O novo coronavírus causou pânico nas autoridades haitianas e nas organizações de direitos humanos devido à extrema fraqueza do sistema de saúde, mas as consequências econômicas da pandemia podem ser ainda mais devastadoras do que as consequências para a saúde da maioria da população pobre. Com oito mortes, de acordo com balanço divulgado na quinta-feira (30/04), a COVID-19 está apenas começando no Haiti, onde o confinamento e o distanciamento social constituem um luxo inacessível para muitos dos habitantes que vivem na economia informal.
Os comerciantes de rua em Petionville, bairro localizado no alto da capital Porto Príncipe, fizeram protestos contra a tentativa do prefeito de limitar suas atividades a três dias por semana. As compras nervosas que se seguiram ao anúncio, em 19 de março, dos primeiros casos de COVID-19 no país, logo diminuíram, e hoje os clientes são muito comedidos em suas compras, considerando a queda na renda.
Os cereais constituem dois terços da fonte da alimentação diária dos haitianos mais pobres. No entanto, o preço do arroz mais do que dobrou em alguns mercados na comparação ao ano passado. A coordenação nacional de segurança alimentar destaca que a inflação acelerou desde março.
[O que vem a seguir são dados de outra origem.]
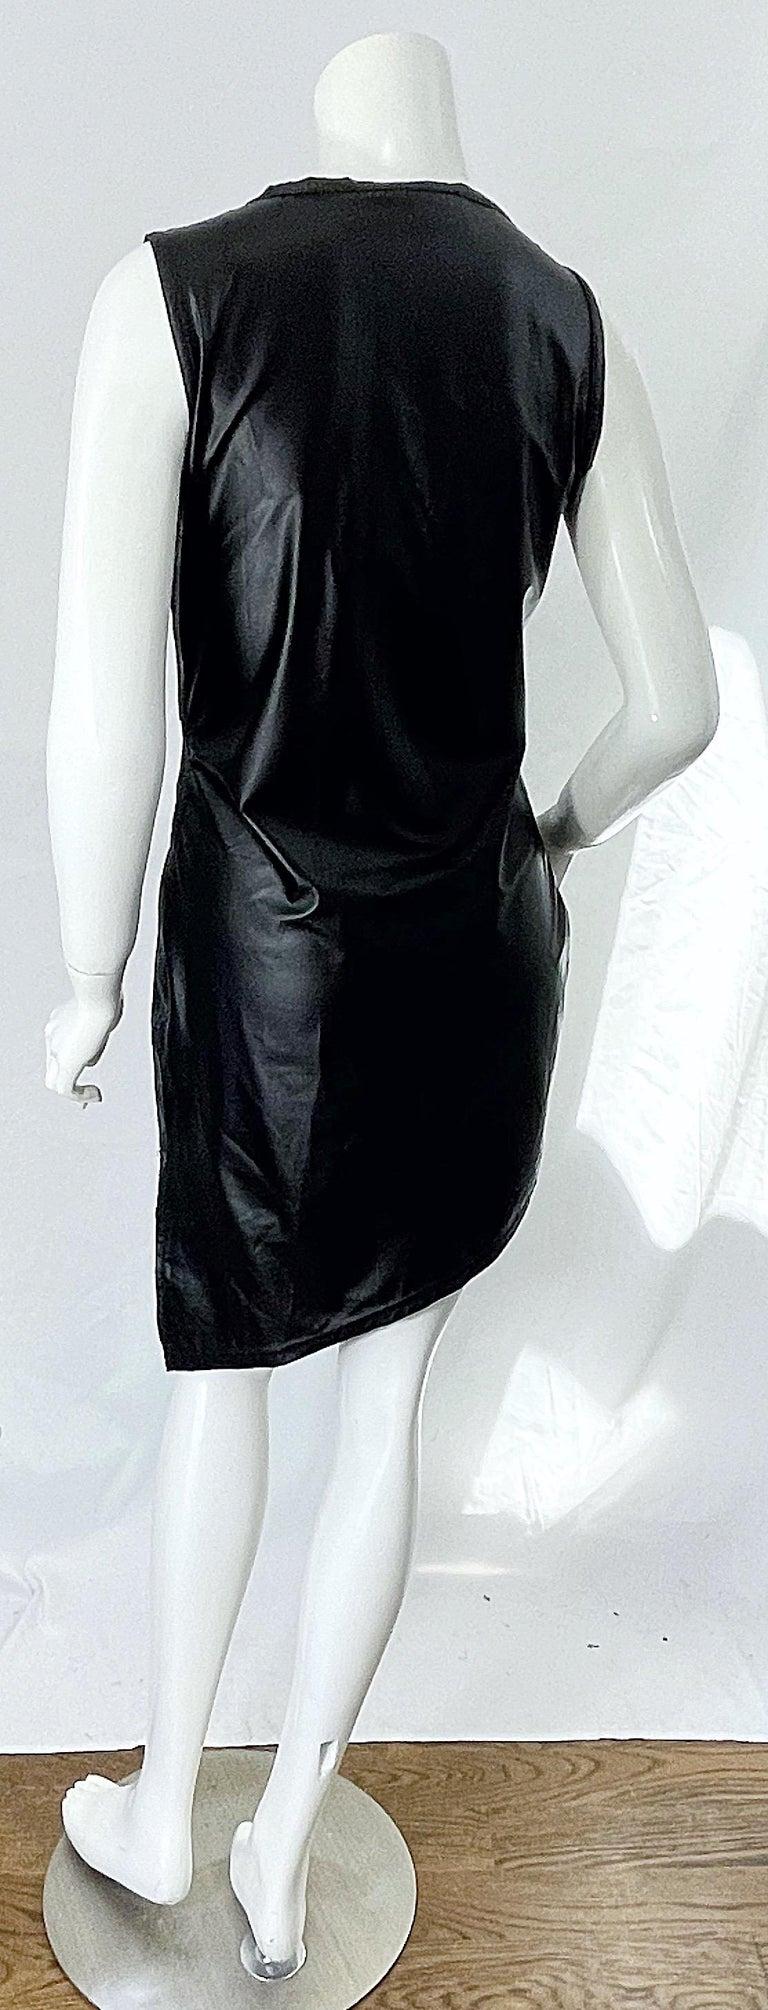 1990s Dexter Wong Club Kid Rave Japanese Black Pleather Vintage 90s Mini Dress For Sale 9

O forte crescimento dos preços que acompanha a epidemia agravará ainda mais a recessão econômica do país.
"Com a crise iminente, o crescimento deverá cair 4% como consequência do colapso do setor agrícola, cuja demanda diminuiria consideravelmente", reconheceu o primeiro-ministro Joseph Jouthe durante uma cúpula sobre as finanças do país, realizada virtualmente.
Risco de fome entre haitianos
A agricultura pesa apenas 21% no PIB, mas concentra metade dos empregos, enfatiza o economista Etzer Emile. Trabalhadores rurais haitianos, proprietários de fazendas extremamente pequenas, viram sua renda cair drasticamente, exacerbando suas dificuldades em se preparar para a próxima colheita, ameaçada ainda mais em algumas regiões pela seca.
Muito antes da pandemia de COVID-19 paralisar a economia mundial, as Nações Unidas haviam calculado que 40% dos haitianos precisariam de ajuda humanitária de emergência este ano.
Essas projeções, realizadas em outubro de 2019, estabeleceram que, a partir de março de 2020, cerca de três milhões de habitantes do país estariam em situação de grave insuficiência alimentar, etapa anterior à fome na classificação utilizada pela ONU.
Somente as remessas enviadas por haitianos que vivem no exterior, totalizando mais de US$ 3 bilhões por ano, em média, impediram a população como um todo de cair em extrema pobreza. Até agora, essa quantia representava um terço do PIB.
"Os haitianos dependem de transferências de dinheiro para alimentação, educação e até funerais", diz o economista Kesner Pharel. Instalada principalmente nos Estados Unidos, a diáspora haitiana foi duramente atingida pelo enorme desemprego que afeta a principal potência do mundo.
Queda na ajuda financeira
O Ministério da Economia e Finanças do Haiti espera que essa ajuda financeira seja reduzida em um quarto nos próximos meses. "Costuma-se dizer que quando a economia americana está resfriada, o haitiano sofre de pneumonia. Os milhões de empregos perdidos nos Estados Unidos vão causar uma exacerbação da pobreza extrema aqui, sem dúvida", previu Pharel.